*** GIVEN DATA Section Begins ***
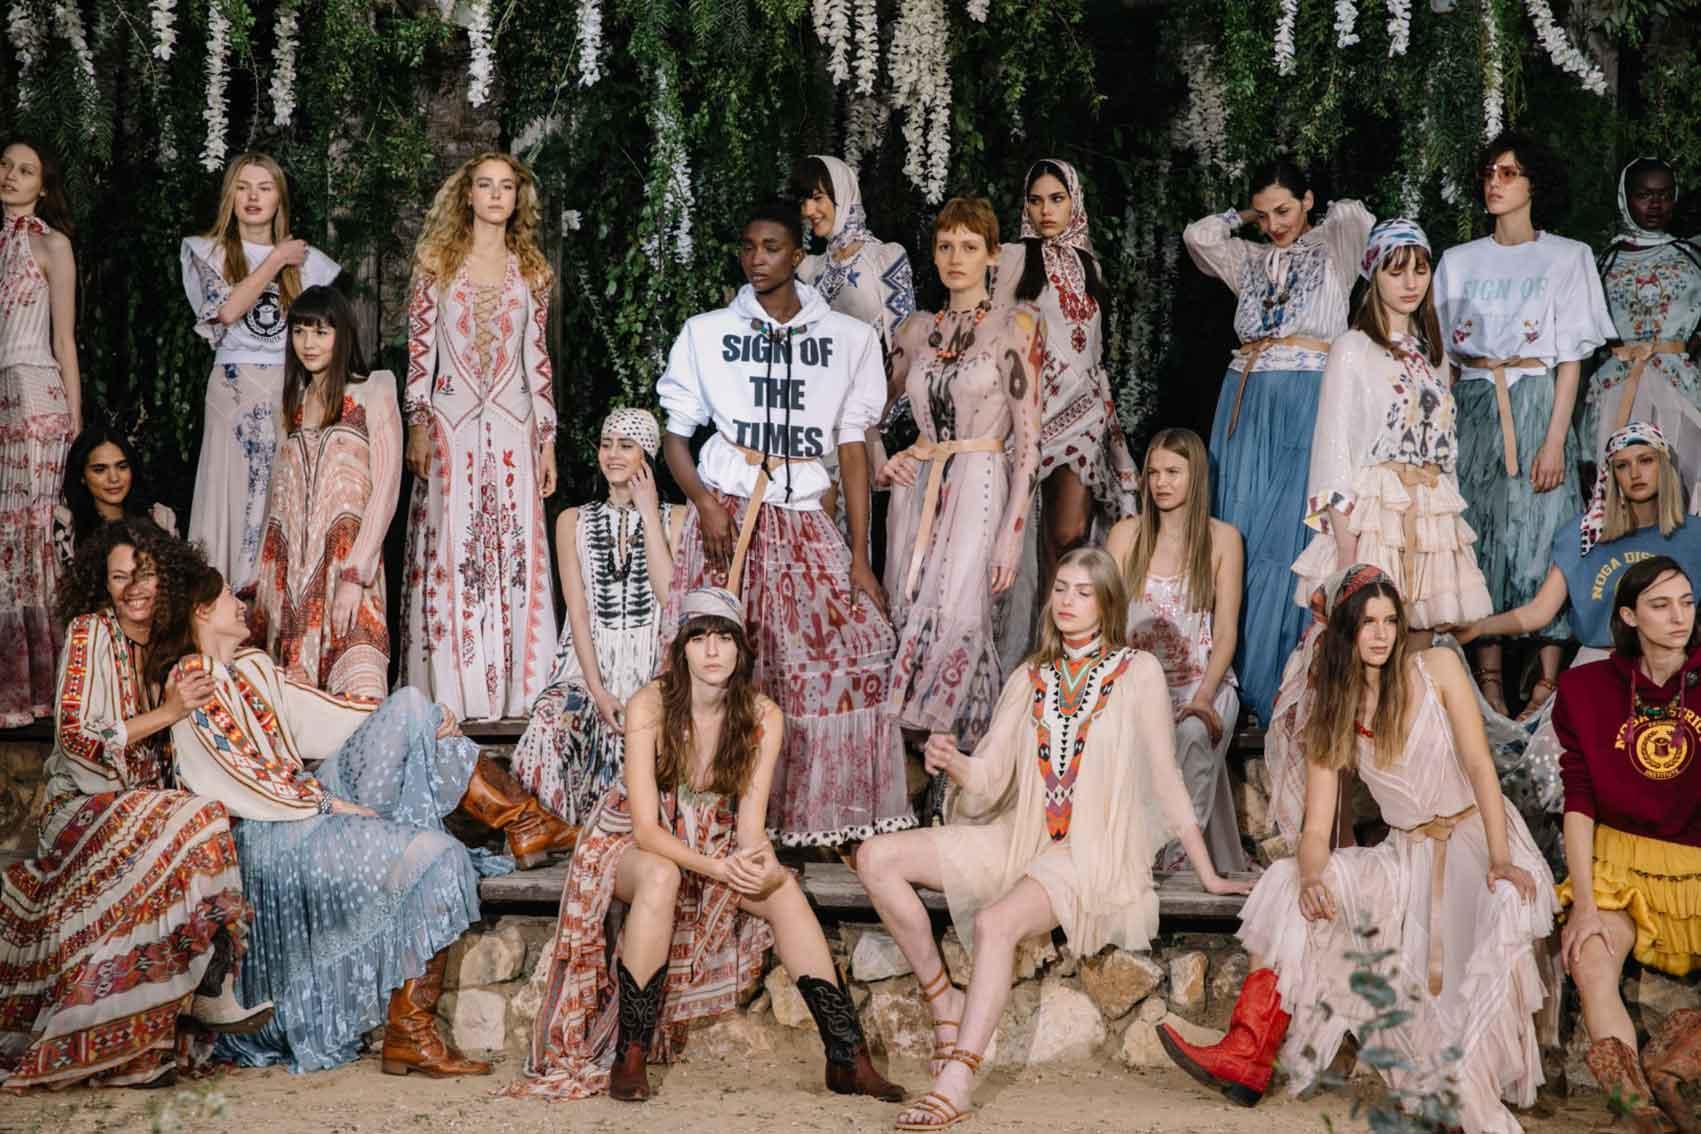 Vivi-Bellaish-Tel-Aviv-Korint-Fashion-Week-2021-Reshset-13-photo-by-Orit...
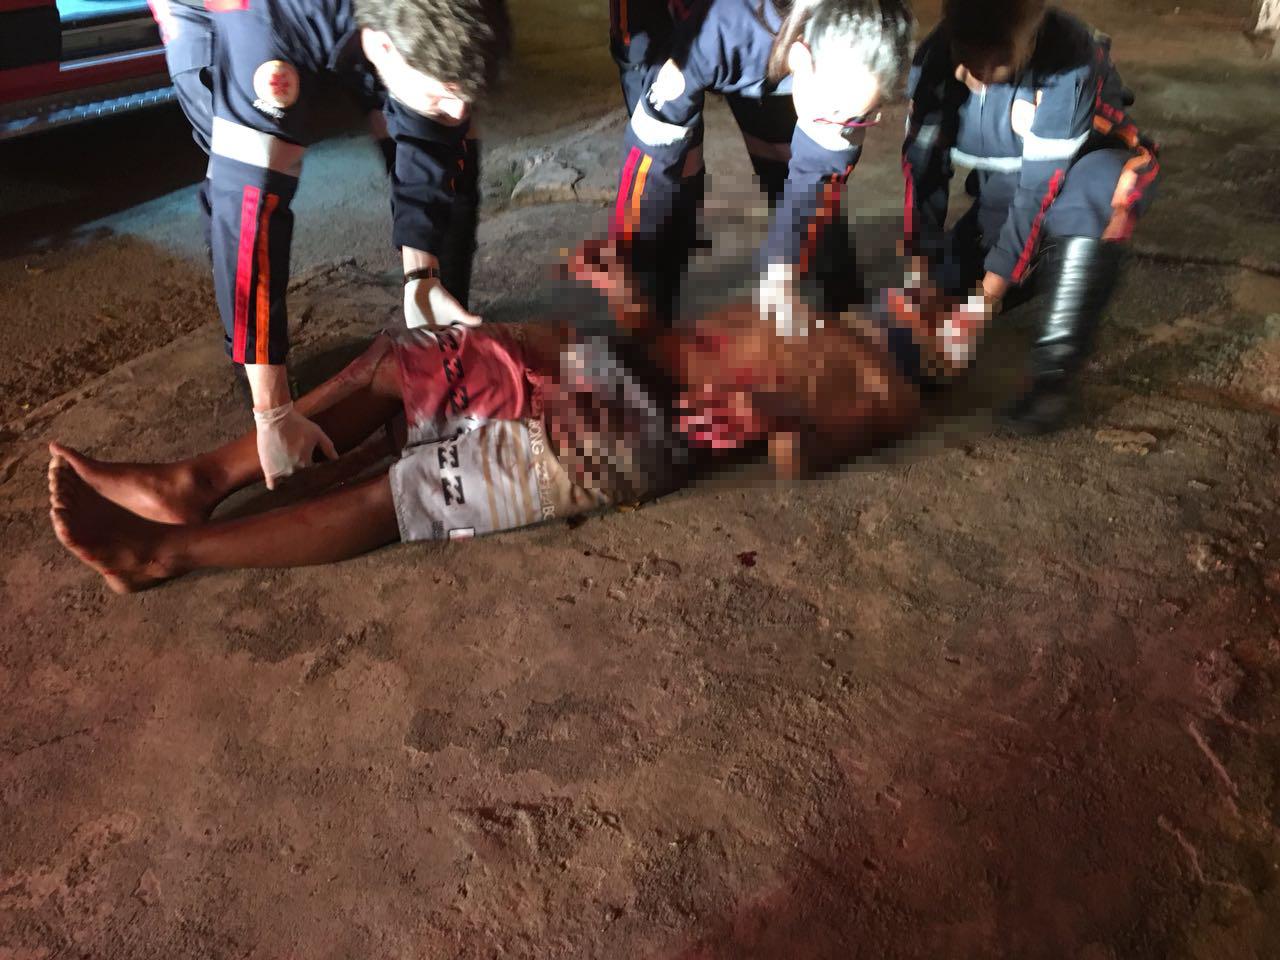 Jovem sofre tentativa de homicídio no Bairro Orozimbo Macedo
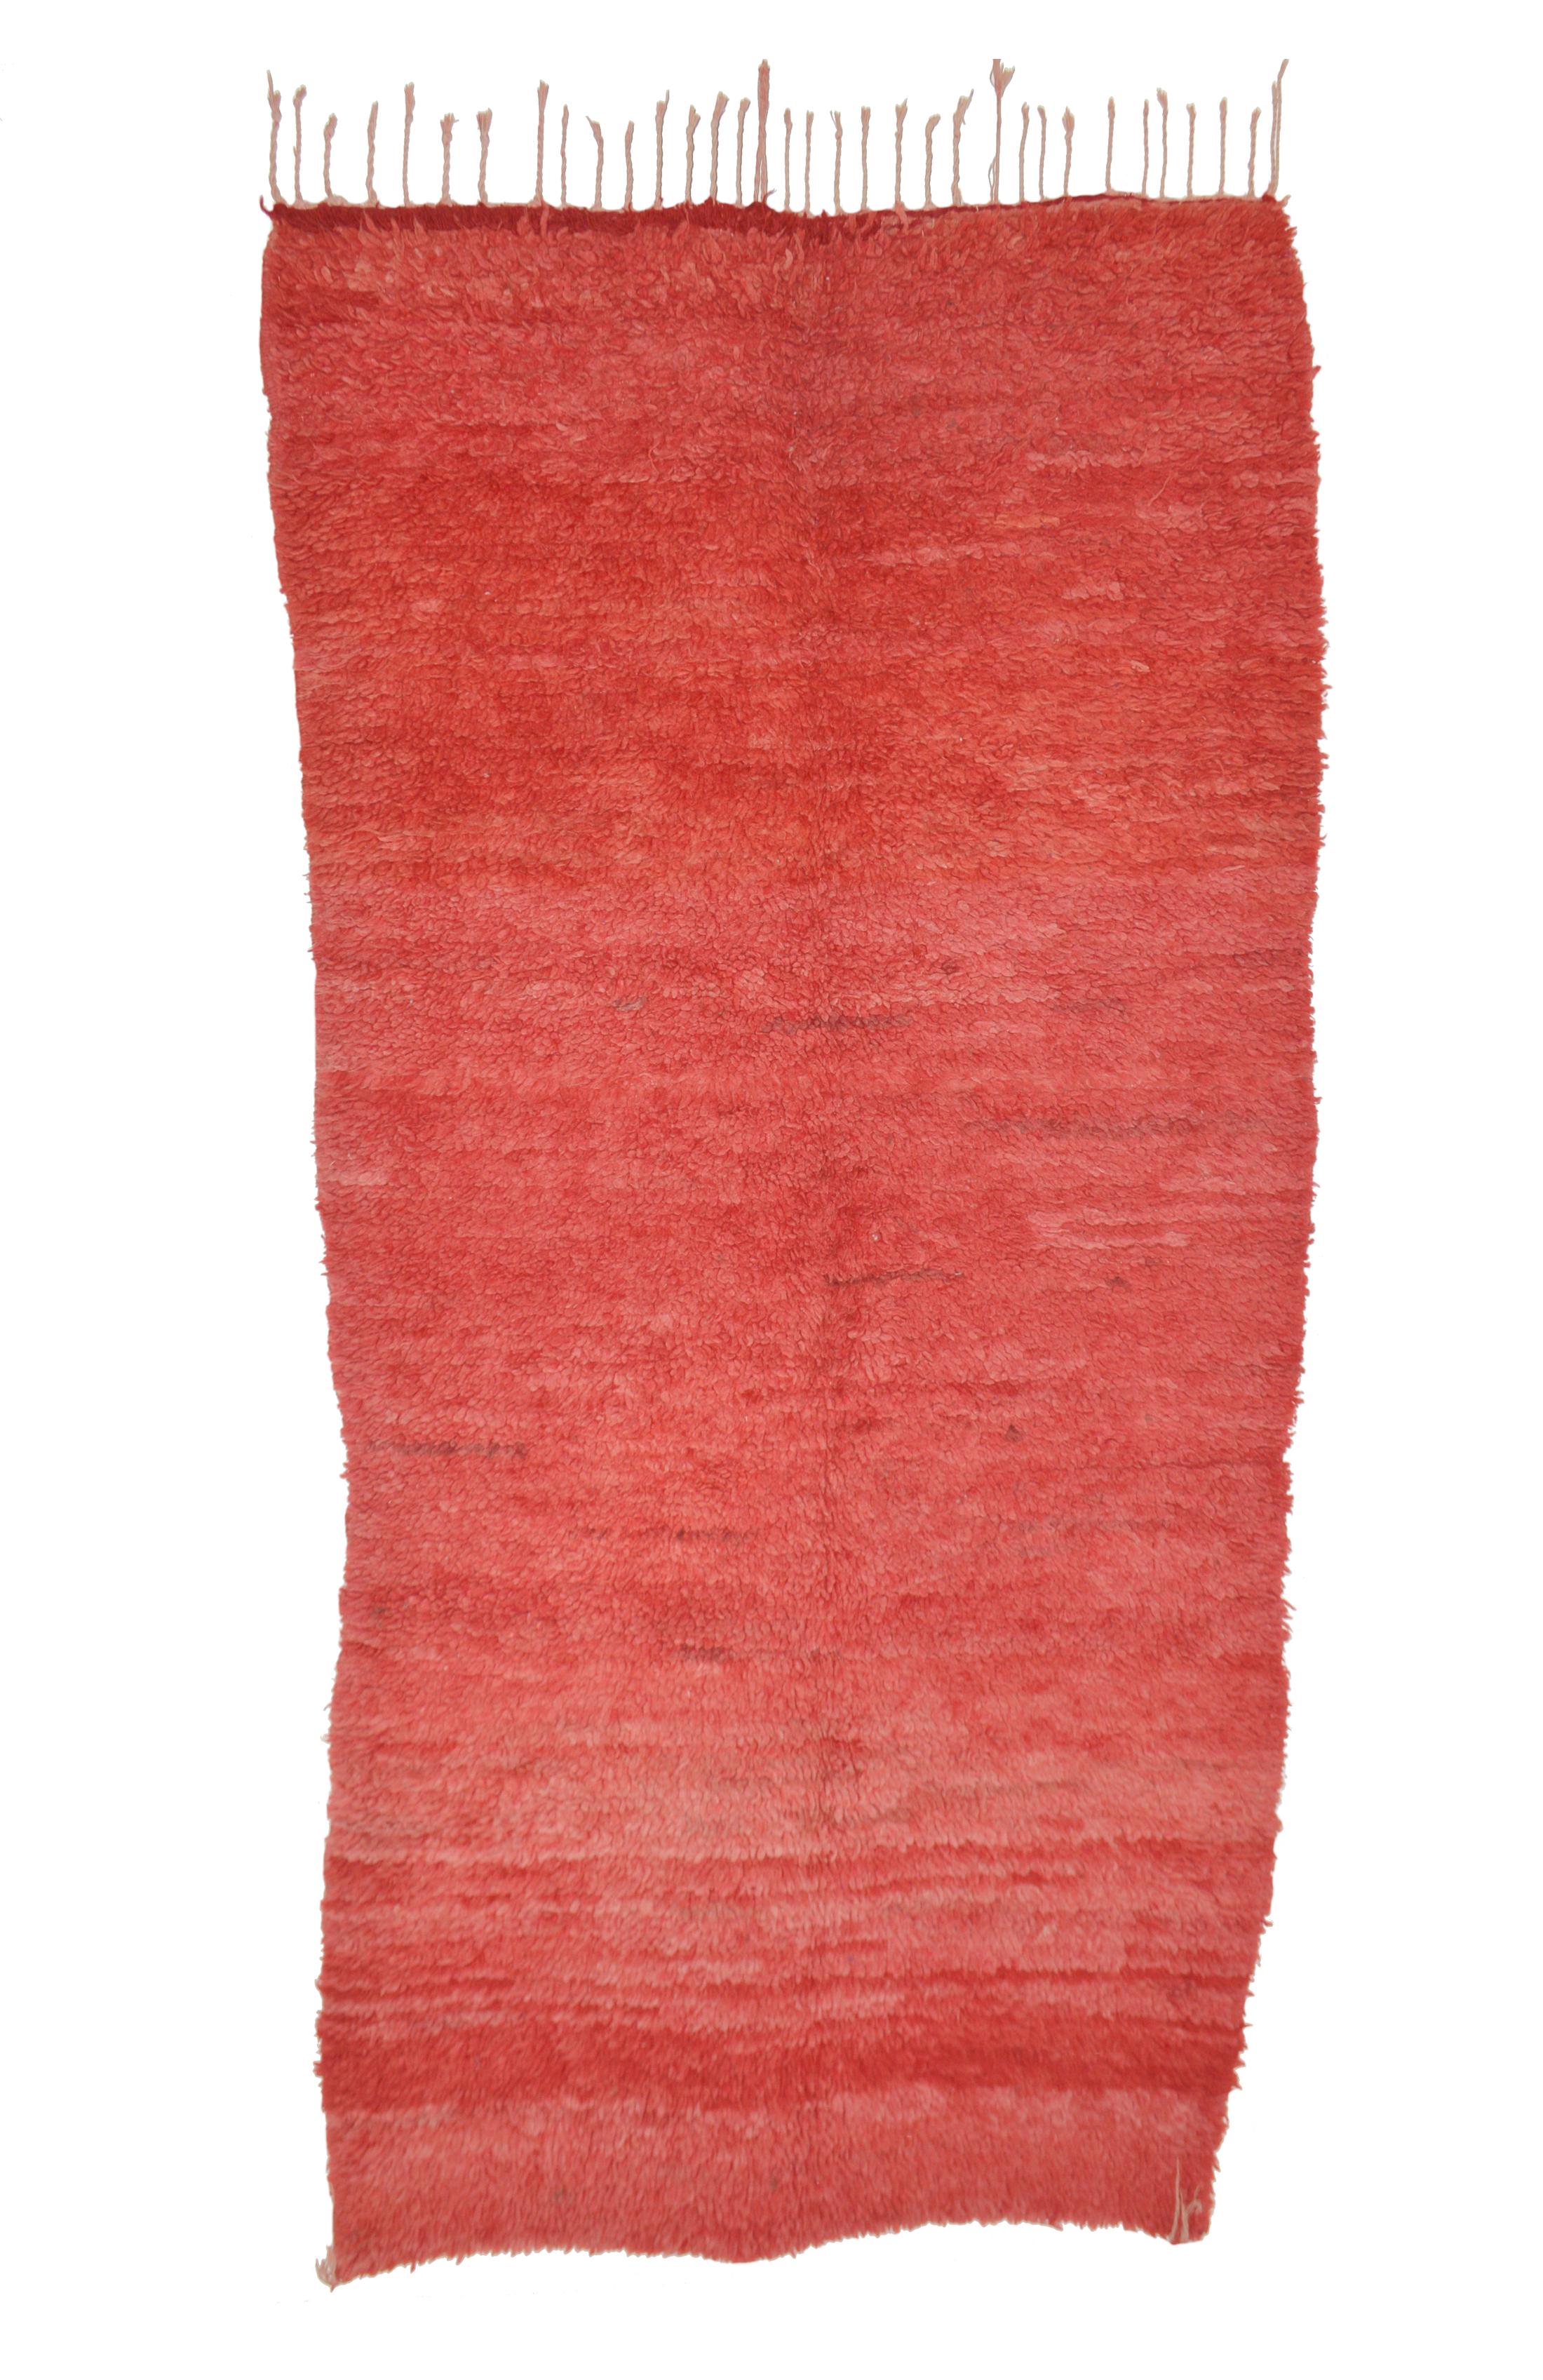 Beni Mguild TN 123 /  232 x 115 cm
*** GIVEN DATA Section Ends ***
- **WORK TO BE COMPLETED**:
Exactly as written, restate the lines from the one that contains "Jovem sofre tentativa" through the final line of the data, both ends included, but leave out the pictures.

- **EXERCISE RESULT**:
 Jovem sofre tentativa de homicídio no Bairro Orozimbo Macedo
 Beni Mguild TN 123 /  232 x 115 cm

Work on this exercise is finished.